The codifer for the RAG workflow is LangChain, but their demo is substantially more complex and harder-to-use than even a homegrown implementation: https://minimaxir.com/2023/07/langchain-problem/

marcyb5st · 2 years ago

Also, if what you look up has no semantic meaning like parts number you might be better off with an inverted index in addition to ANN lookups. Especially if the embedding model has been trained on a dataset that is not similar to what you use it for. That's a common situation right now with embedding models based on LLMs.

alumic · 2 years ago

You might also check out this previous thread on the subject. It offers some pretty fascinating discussions:

https://news.ycombinator.com/item?id=35826929

Deleted Comment

bobvanluijt · 2 years ago

(I’m affiliated with Weaviate) You might want to check out this getting started guide. It takes a couple of minutes, and you're good to go https://weaviate.io/developers/weaviate/quickstart

pokpokpok · 2 years ago

I recommend pgvector, it's simple and well featured with good example code. Once you have a dataset of vectors loaded in, the next step is called rag / retrieval augmented generation

malaya_zemlya · 2 years ago

deeplearning.ai has a short coursee on the topic https://www.deeplearning.ai/short-courses/large-language-mod...

daturkel · 2 years ago

Annoy came out of Spotify, and they just announced their successor library Voyager [1] last week [2].

[1]: https://github.com/spotify/voyager [2]: https://engineering.atspotify.com/2023/10/introducing-voyage...

gregsadetsky · 2 years ago

Amazing, thanks for the reference!

The biggest immediate useful difference that I see is that Annoy uses read-only index files (from the docs: "you can not add more items once the tree has been created" [0]), while Voyager allows you to call `.add_item` at any time (I just pip installed to double check and yes -- it's great).

[0] https://github.com/spotify/annoy#summary-of-features

PLenz · 2 years ago

The great thing about Annoy is that you can write the index to disk and thus do big data work on tiny workers at the edge. I've never really seen anything else do the same.

PaulHoule · 2 years ago

Funny I got interested in nearest-neighbor search for this kind of vectors in the early 2000s and there were a lot of papers on the subject that were depressing (had to make a tradeoff that wasn't really attractive) compared to the literature on low-dimensional indexes. Back then I had 250,000 or so vectors and a full scan wasn't that bad.

In the 2010s I worked on a dense vector search engine for patents and we had maybe 10 million vectors and still used a scan, I mean, you couldn't ask for a more memory hierarchy and SIMD friendly algorithm.

Today I am looking at 1M (larger) vectors and the full scan is still possible but I am using FAISS because it is a bird in the hand and I decided I can live with the tradeoff.

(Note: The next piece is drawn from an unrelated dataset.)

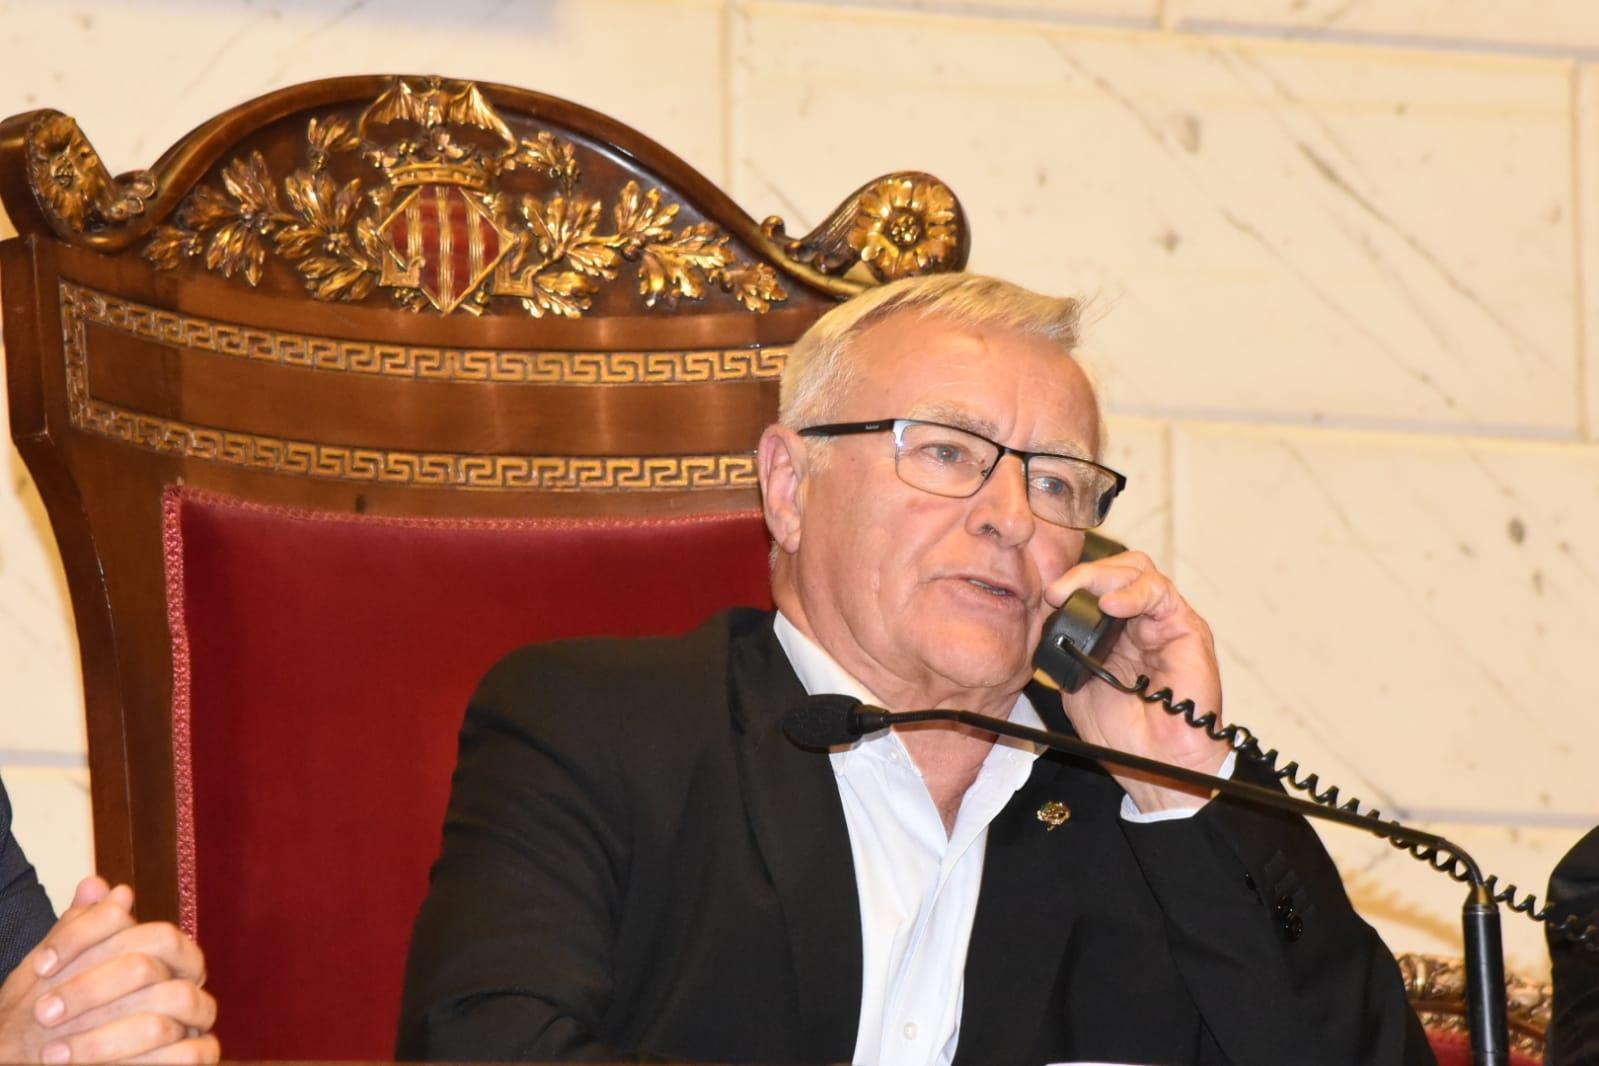 Horarios de 'la llamada' del alcalde a las Falleras Mayores de València 2022 y la proclamación
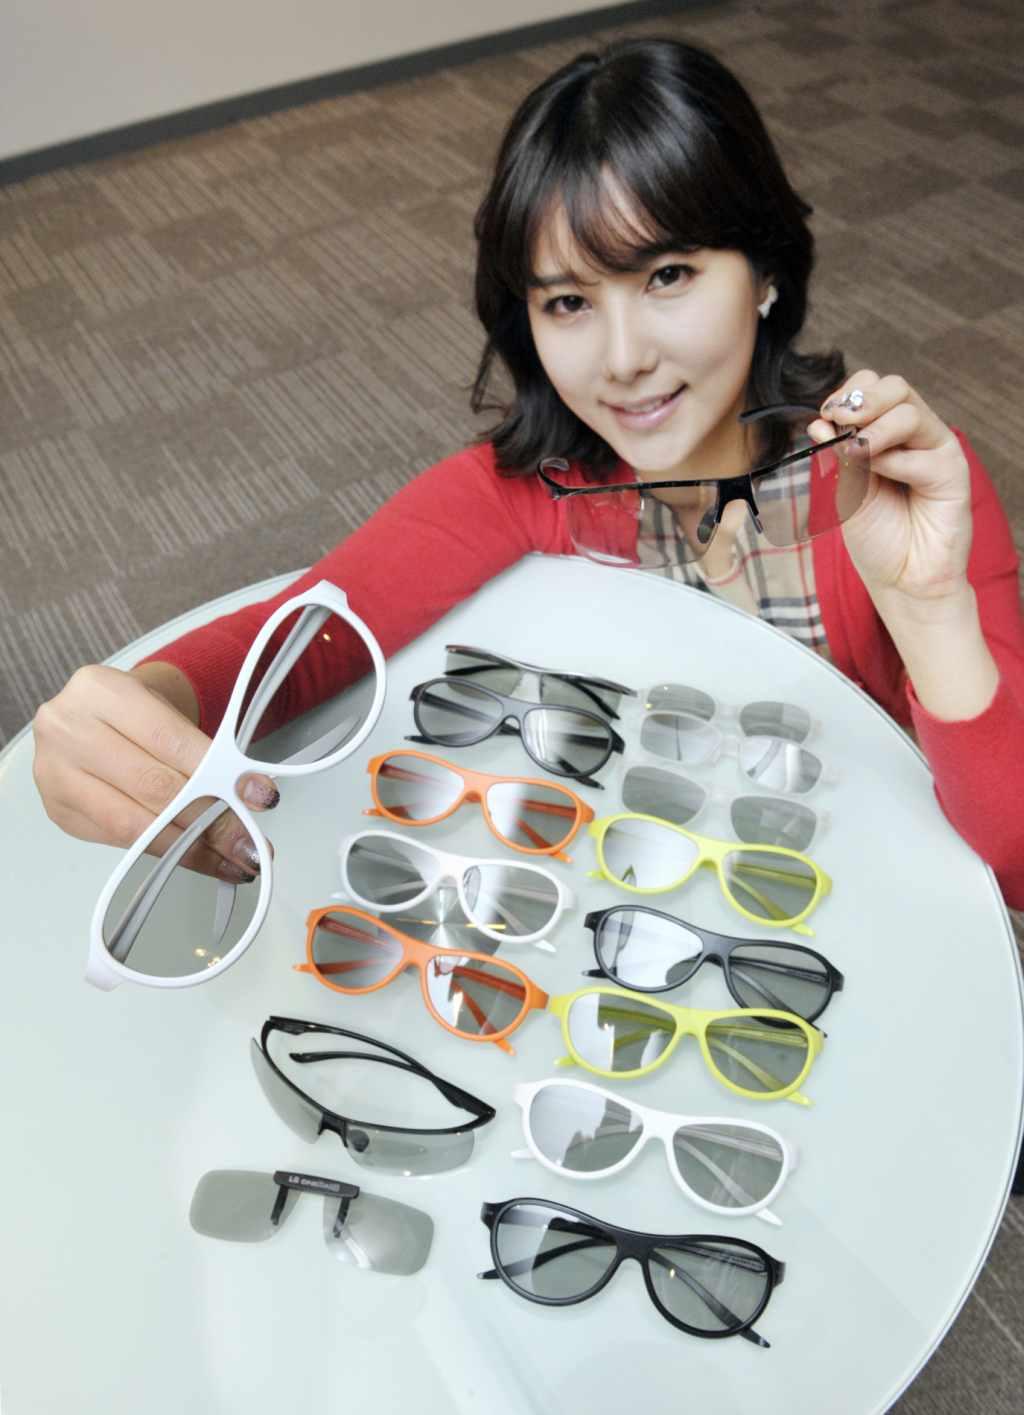 Wojna formatów: Sony potwierdza w 2013 wprowadzi pasywne 3D! LG nowym liderem technologii?

kristjansson · 2 years ago

I mean FAISS has IndexFlatL2 if you have it in hand and _want_ the full scan.

dmezzetti · 2 years ago

If you want an easy way to evaluate Faiss, Hnswlib and Annoy vector backends, check out txtai - https://github.com/neuml/txtai. txtai also supports NumPy and PyTorch vector storage.

Disclaimer: I am the author of txtai

Scene_Cast2 · 2 years ago

Would you have any quick links or data on how they compare in terms of speed and recall?

https://ann-benchmarks.com/ is a good resource covering those libraries and much more.

smokracek · 2 years ago

superdug · 2 years ago

I was so saddened by this title.. I thought there was a way to find annoying neighbors (at homes I’m interested in acquiring) and assumed this was a service for literally finding nearby annoy[ing] neighbors. To then go through the comments and find that this is a service with a minimum input of addresses and census data which are both freely available as is this service. Bravo hn!

lootsauce · 2 years ago

This popped up in the new feed yesterday and seems significant in the ANN space https://news.ycombinator.com/item?id=38054537

Found code for it https://github.com/microsoft/DiskANN

debo_ · 2 years ago

When I saw the "oh yeah" I assumed this was going to be a deepfake Macho Man Randy Savage explaining ANN. I am disappointed.